Initial imaging will be performed on a 3T GE Signa HDxt system with 8 channel head coil, but most of the subjects will be scanned on a 3T Discovery MR750 system with 32 channel head coil. The protocol (details specified for the MR750 system) includes a T1-weighted fast spoiled gradient echo, FSPGR (TE/TR = 2.9/6.7 ms; TI = 600 ms, flip angel = 8°; FOV = 25.6 cm; voxel size = 1.0 × 1.0 × 1.0 mm3, acquisition time = 10:32 min.); a T2-weighted CUBE FLAIR sequence (TE/TR = 129/6000 ms; TI = 1855 ms; FOV = 25.6 cm; voxel size = 1.0 × 1.0 × 1.0 mm3, acquisition time = 08:51 min.); for RSI, a single-shot pulsed-field gradient spin-echo EPI sequence (TE/TR = 85/7000 ms; FOV = 24 cm, matrix = 96 × 96 × 55 with 4 b-values (b = 0, 500, 1000 and 4000 s/mm2 and 6, 6 and 15 unique directions for the nonzero b-values, respectively), acquisition time = 3:30 min.); for SWI a gradient recalled echo 3D Ax SWAN sequence (TE/TR, 23/37 ms; slice thickness 2 mm; acquisition time 3:30 min.). For 1H-MRS, both single-voxel point-resolved spectroscopy, SV PRESS, and a spectral editing method, MEGA-PRESS [79], will be used. The SV-PRESS (TR = 1500 ms, TE = 35, 128 scans; acquisition time = 3:48 min.) voxel will measure 2 × 2 × 2 cm3 and the placement alternate between right and left anterior cingulate cortex (ACC) for each new patient. For MEGA-PRESS (TR = 1500 ms, TE = 68 ms, 192 scans, acquisition time = 10:06 min.) the voxel will measure 3 × 3 × 3 cm3 and cross the mid-line, covering both right and left ACC in every patient.

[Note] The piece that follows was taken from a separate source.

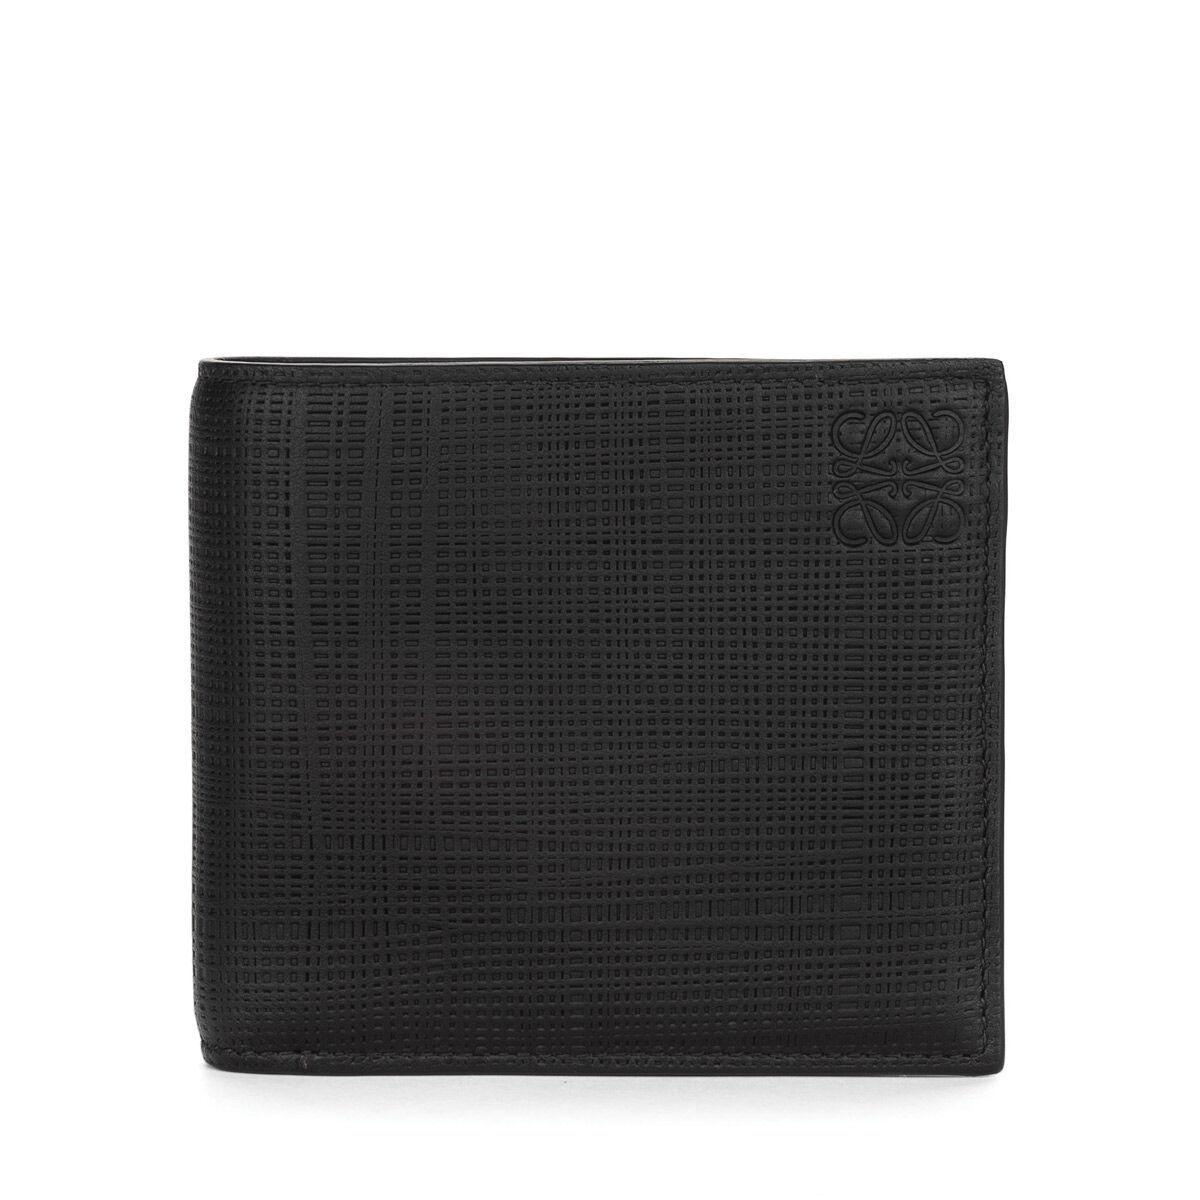 LOEWE Bifold/Coin Wallet Black all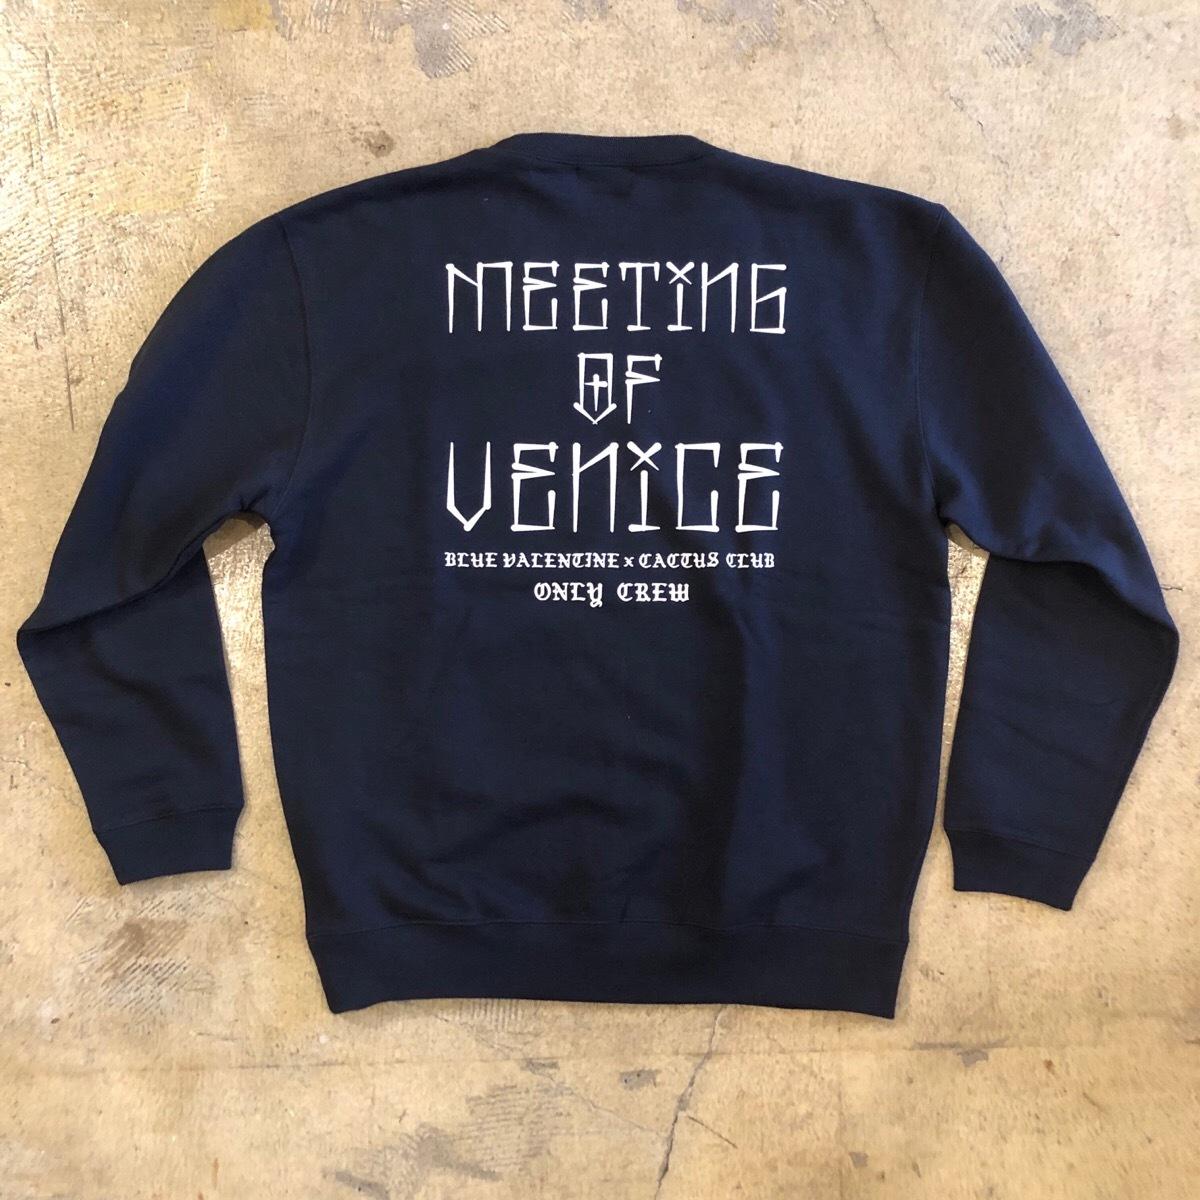 BLUE VALENTINE × CACTUS CLUB #Meeting Of Venice Limited Crew Neck

Image processing and analysis

Structural data will be analyzed using FreeSurfer [42] and Quarc [80]. In a preprocessing step, structural images will be corrected for distortions caused by gradient non-linearity [81], diffusion weighted (DW) images will be corrected for motion, eddy currents and magnetic susceptibility artifacts [82,83] and the DW volume will be co-registered to the structural volumes. SWI data will be analyzed using Statistical Parametrical Mapping (SPM8/SPM12) analysis software package (Wellcome Department of Cognitive Neurology) running under MATLAB (Mathworks). RSI data will be analyzed using custom made software and processing and/or with FSL [84,85] and MRS data by using LCModel Software [86]. SPSS will be used for statistical analyses.

Analysis methods and software may change if newer versions or other software is found to be more suitable than the above mentioned.

Blood samples and biobank

We will analyze multiple peripheral blood biomarkers relevant for the hypotheses outlined in the introduction. Due to the constant progress in the field, the decision on the specific markers to analyze and how to perform the analysis should not be taken too early. However, candidate markers include neurotrophic factors (e.g. BDNF), pro-inflammatory cytokines, neurotransmitter related amino acids, monoamines and related metabolites (e.g. GABA, glutamate, kynurenines, neopterin) and S100B (a marker of damage to the blood-brain barrier). Measurements of peripheral biomarker levels will be supplemented by analyses of DNA variants and peripheral blood mRNA levels (array based genome wide DNA genotyping, methylation profiling of target genes and real-time reverse transcription polymerase chain reaction mRNA measurements). Blood samples (up to 30 ml) will be collected and stored as whole blood, serum and on an RNA stabilization medium at -80°C for later analysis. A dedicated research biobank “Imaging and Depression - ImDep” has been generated for the project using existing infrastructure (storage, alarm and registration) established in a previous project.

Power analysis

Only one study has measured GABA changes after ECT by MRS in humans, and found an increase from 0.85 (SD = 0.34) to 1.51 (SD = 048) mmol/kg brain tissue, N = 8 [50]. Using a mean difference of 0.6 and a SD of 0.5, α = 0.05 and power of 0.8 the total sample size needed would be 8 (calculated using G*Power 3.1.3, paired t-test, two-tailed).

For analysis of hippocampal volumes, data from Nordanskog et al. [41] were used. For the right hippocampus the mean difference in volumes after a course of ECT was 133 μL with a SD of 123 μL, similar analysis as above indicates that the sample size needs to be at least 9.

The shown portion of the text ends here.